## [ACTIVITY]
Give the data again exactly as written, without any of its pictures.

## [INFORMATION PROVIDED]
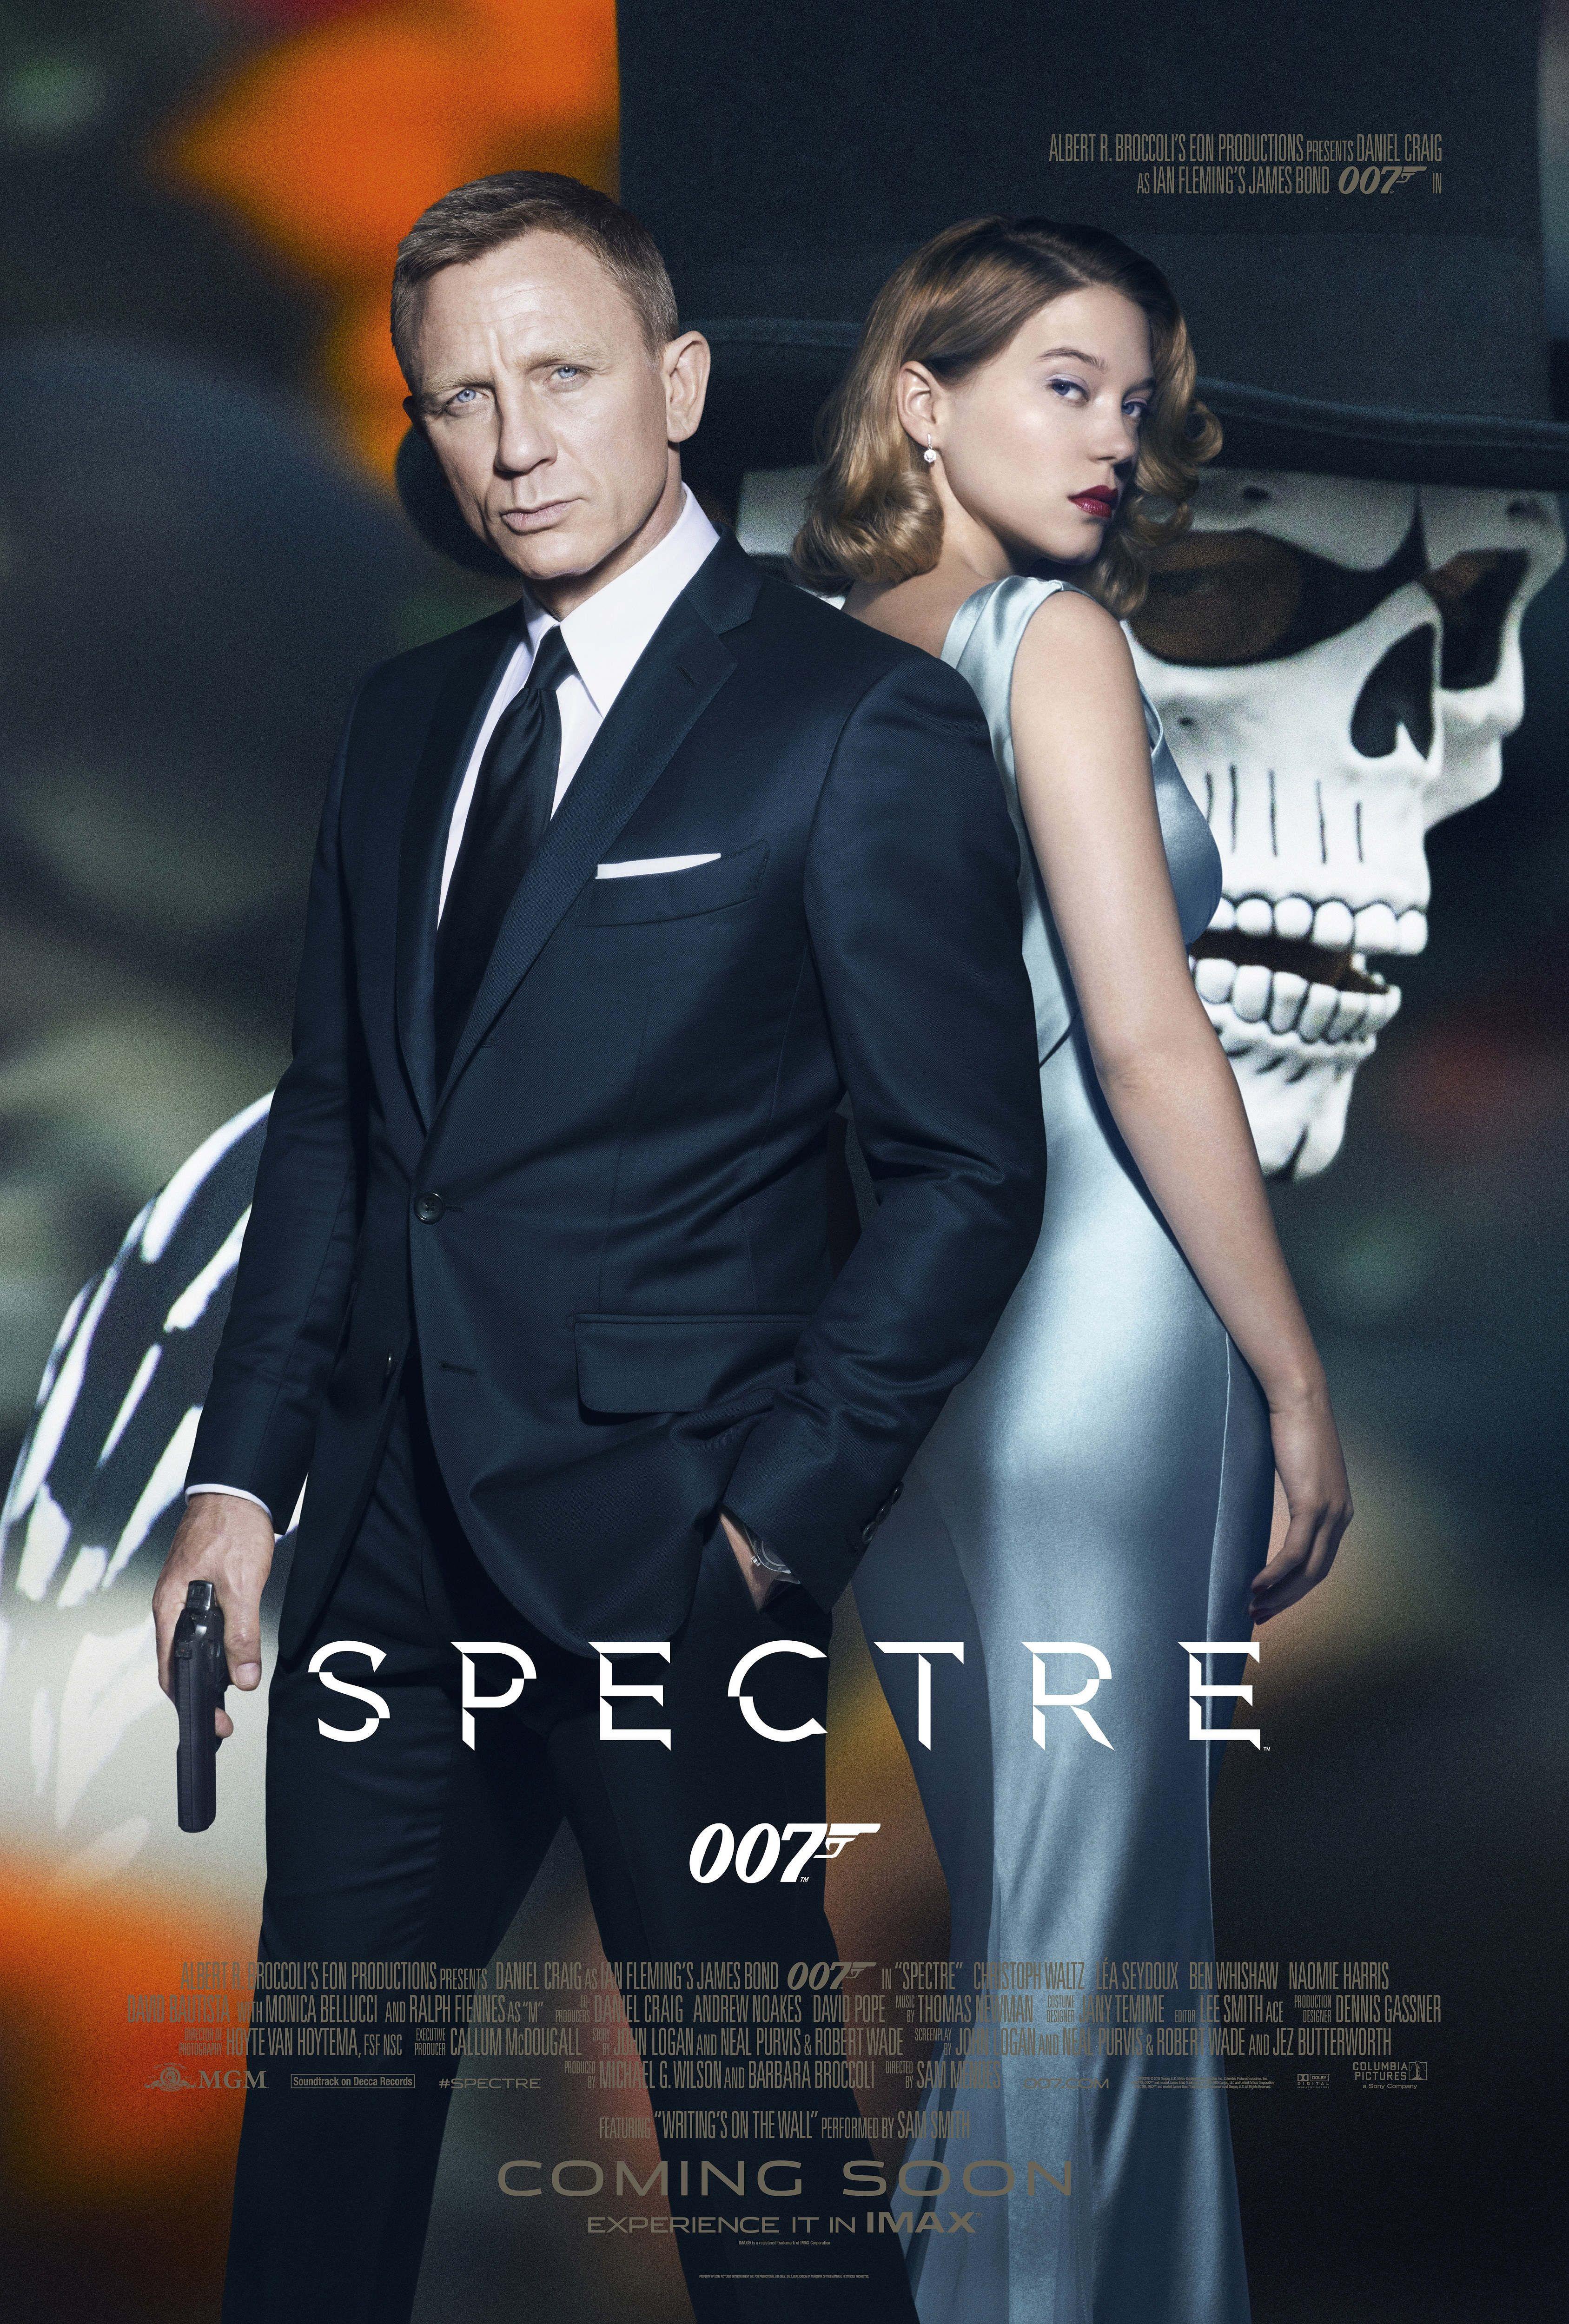 007 Contra Spectre Spectre Sam Mendes Filmes 007 007 Contra
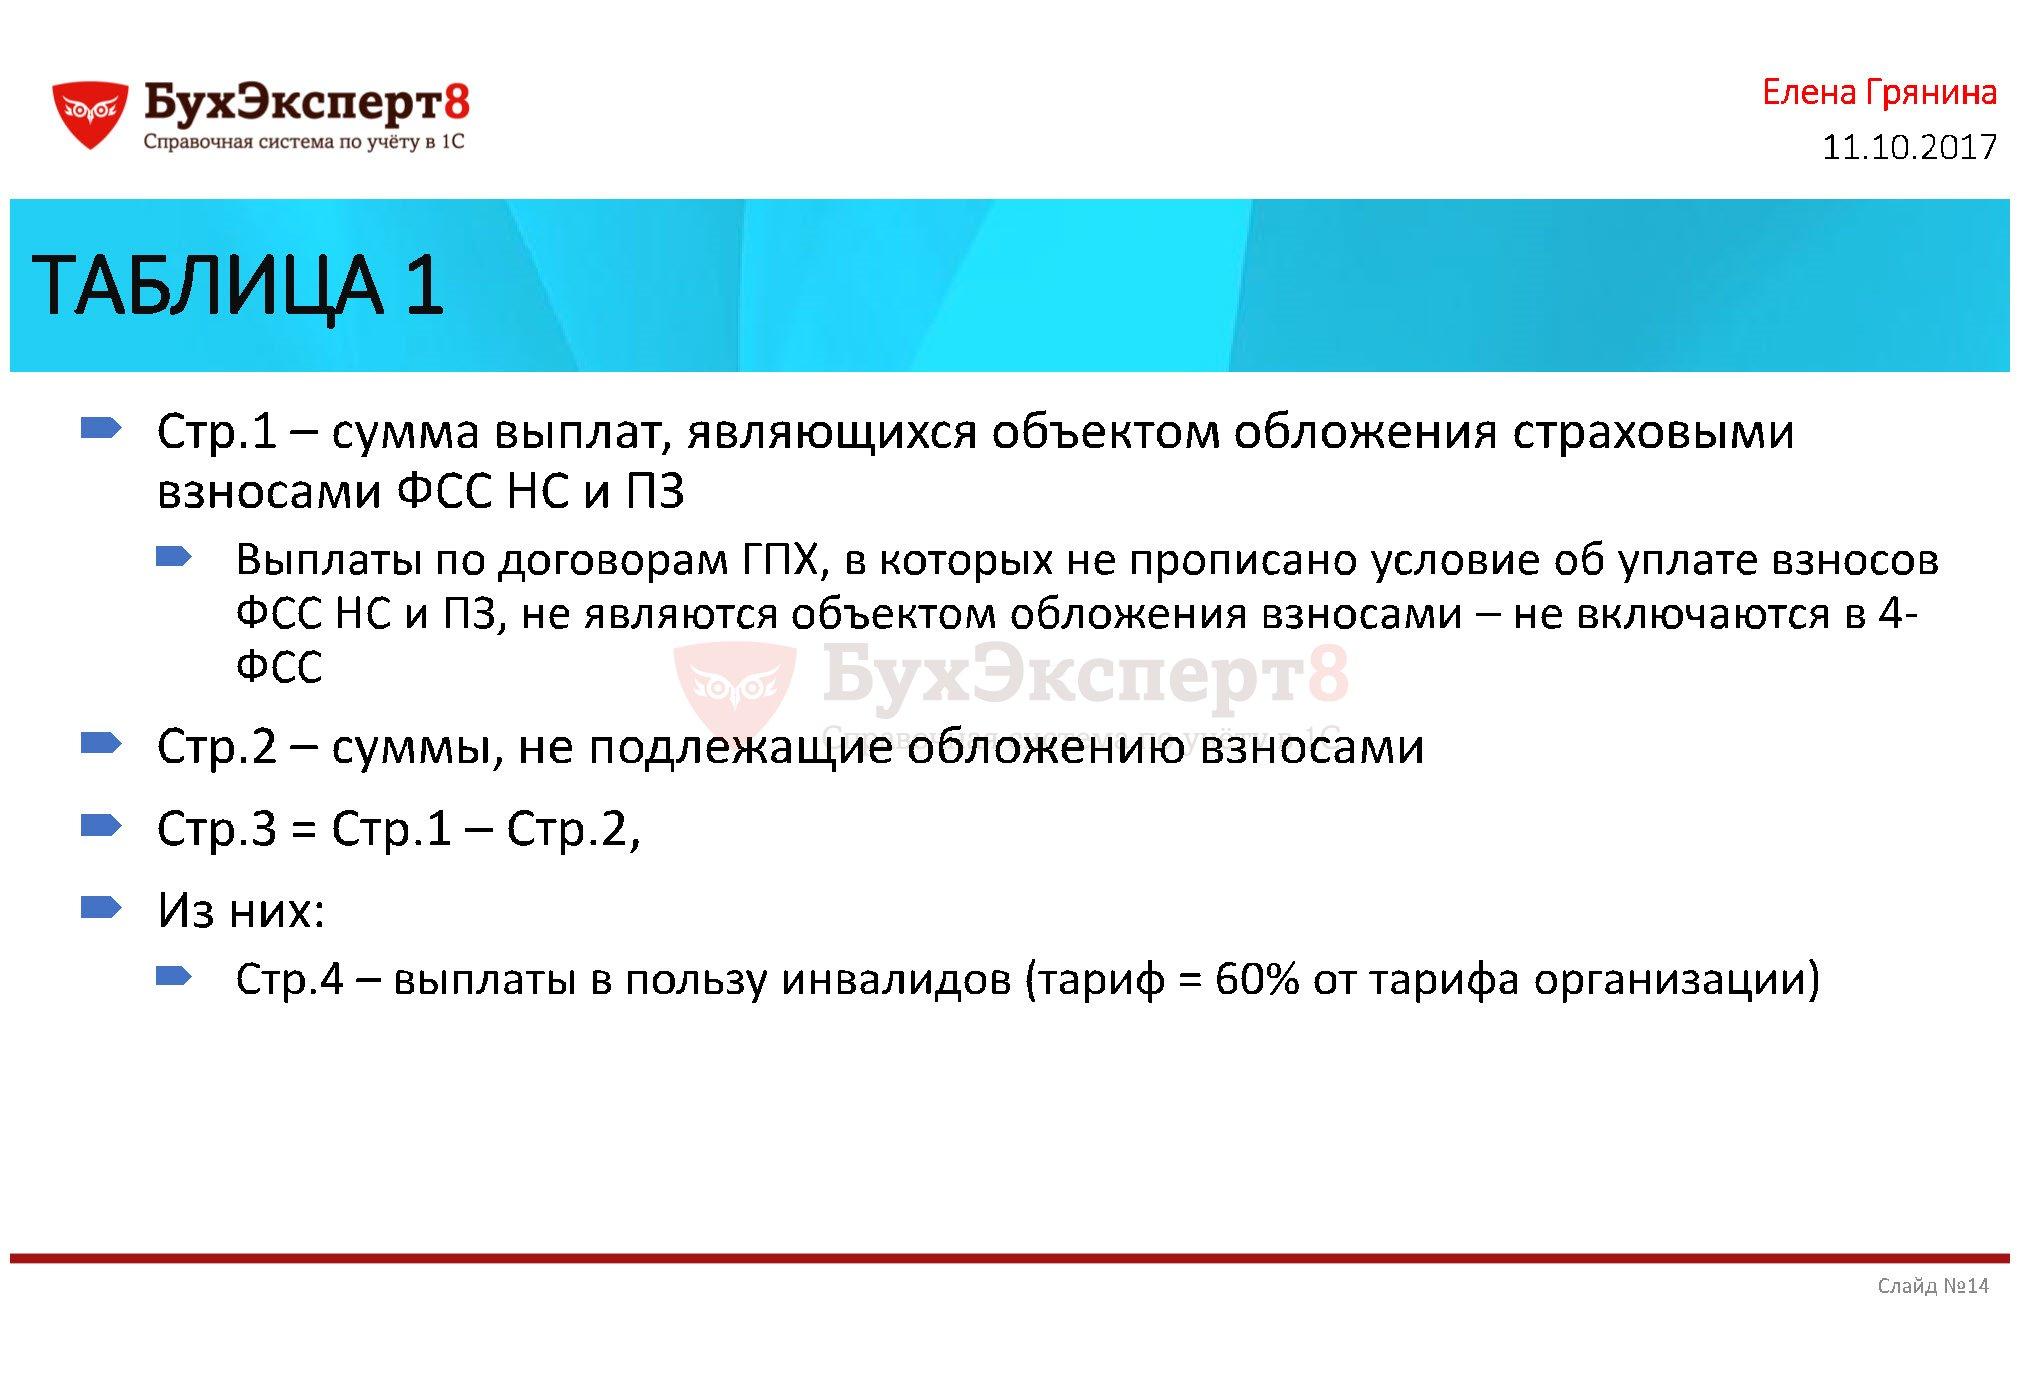 ТАБЛИЦА 1 Стр.1 – сумма выплат, являющихся объектом обложения страховыми взносами ФСС НС и ПЗ Выплаты по договорам ГПХ, в которых не прописано условие об уплате взносов ФСС НС и ПЗ, не являются объектом обложения взносами – не включаются в 4- ФСС Стр.2 – суммы, не подлежащие обложению взносами Стр.3 = Стр.1 – Стр.2, Из них: Стр.4 – выплаты в пользу инвалидов (тариф = 60% от тарифа организации)
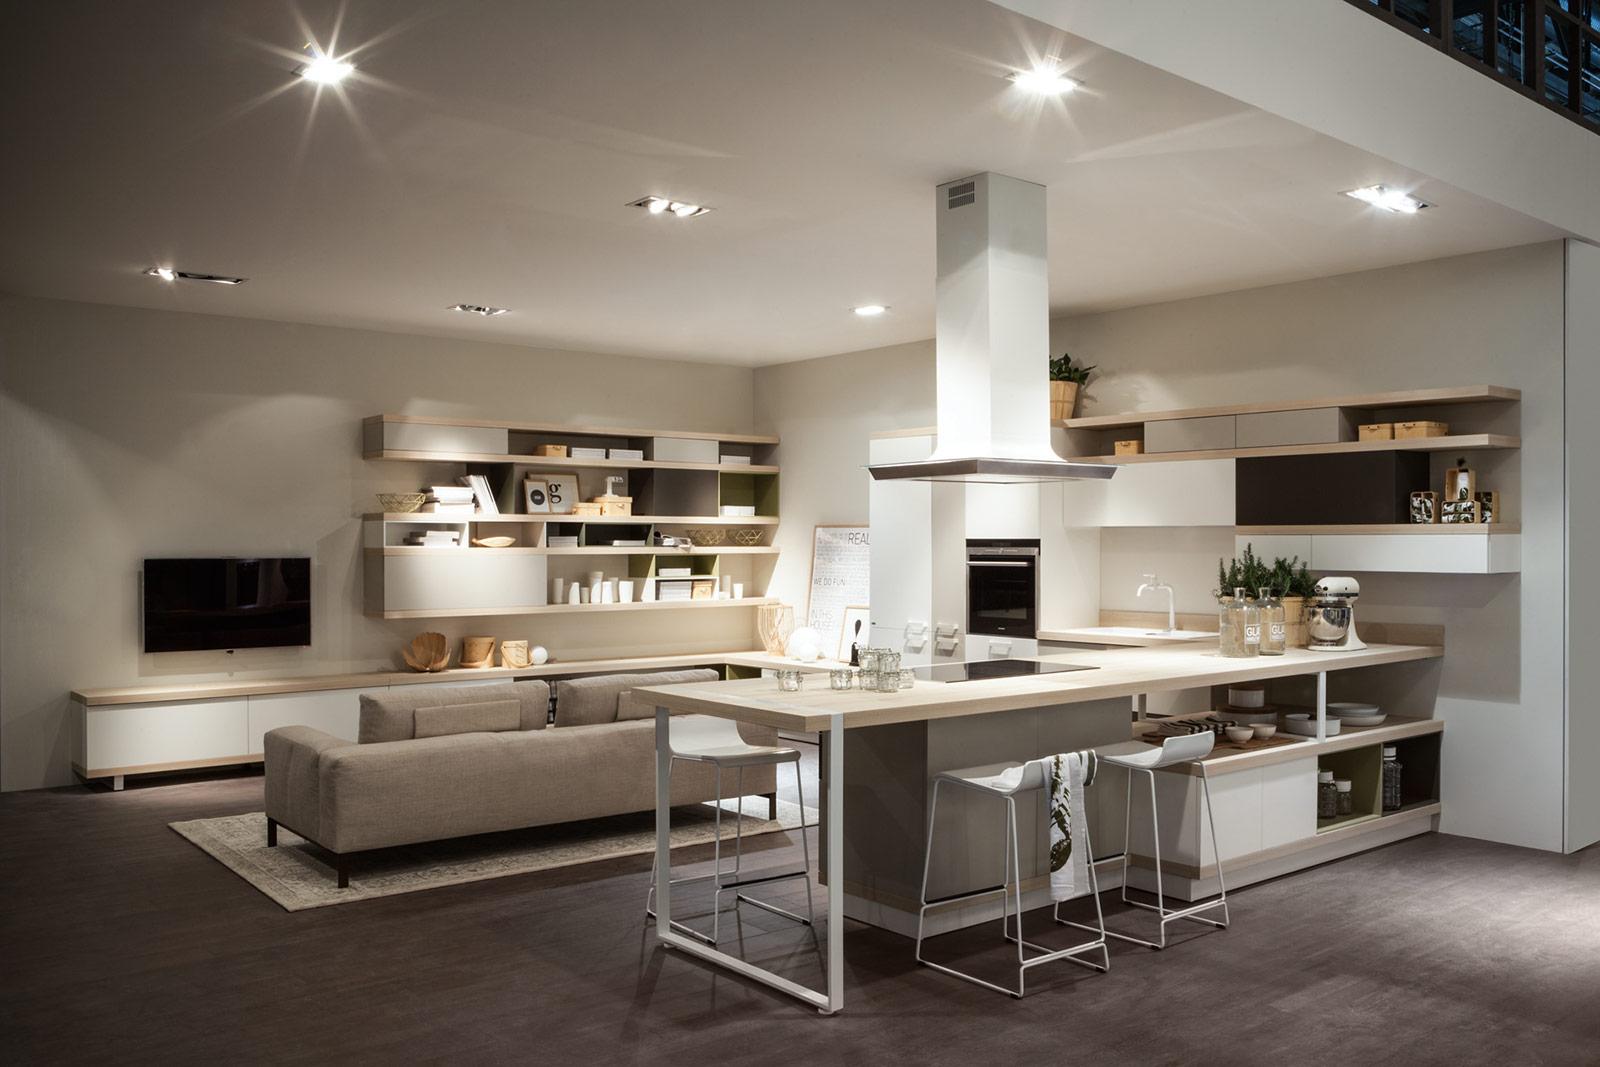 Progettare casa online consigli per progettare la for Arredamento lussuoso

## [EXPECTED ANSWER]
 007 Contra Spectre Spectre Sam Mendes Filmes 007 007 Contra
 ТАБЛИЦА 1 Стр.1 – сумма выплат, являющихся объектом обложения страховыми взносами ФСС НС и ПЗ Выплаты по договорам ГПХ, в которых не прописано условие об уплате взносов ФСС НС и ПЗ, не являются объектом обложения взносами – не включаются в 4- ФСС Стр.2 – суммы, не подлежащие обложению взносами Стр.3 = Стр.1 – Стр.2, Из них: Стр.4 – выплаты в пользу инвалидов (тариф = 60% от тарифа организации)
 Progettare casa online consigli per progettare la for Arredamento lussuoso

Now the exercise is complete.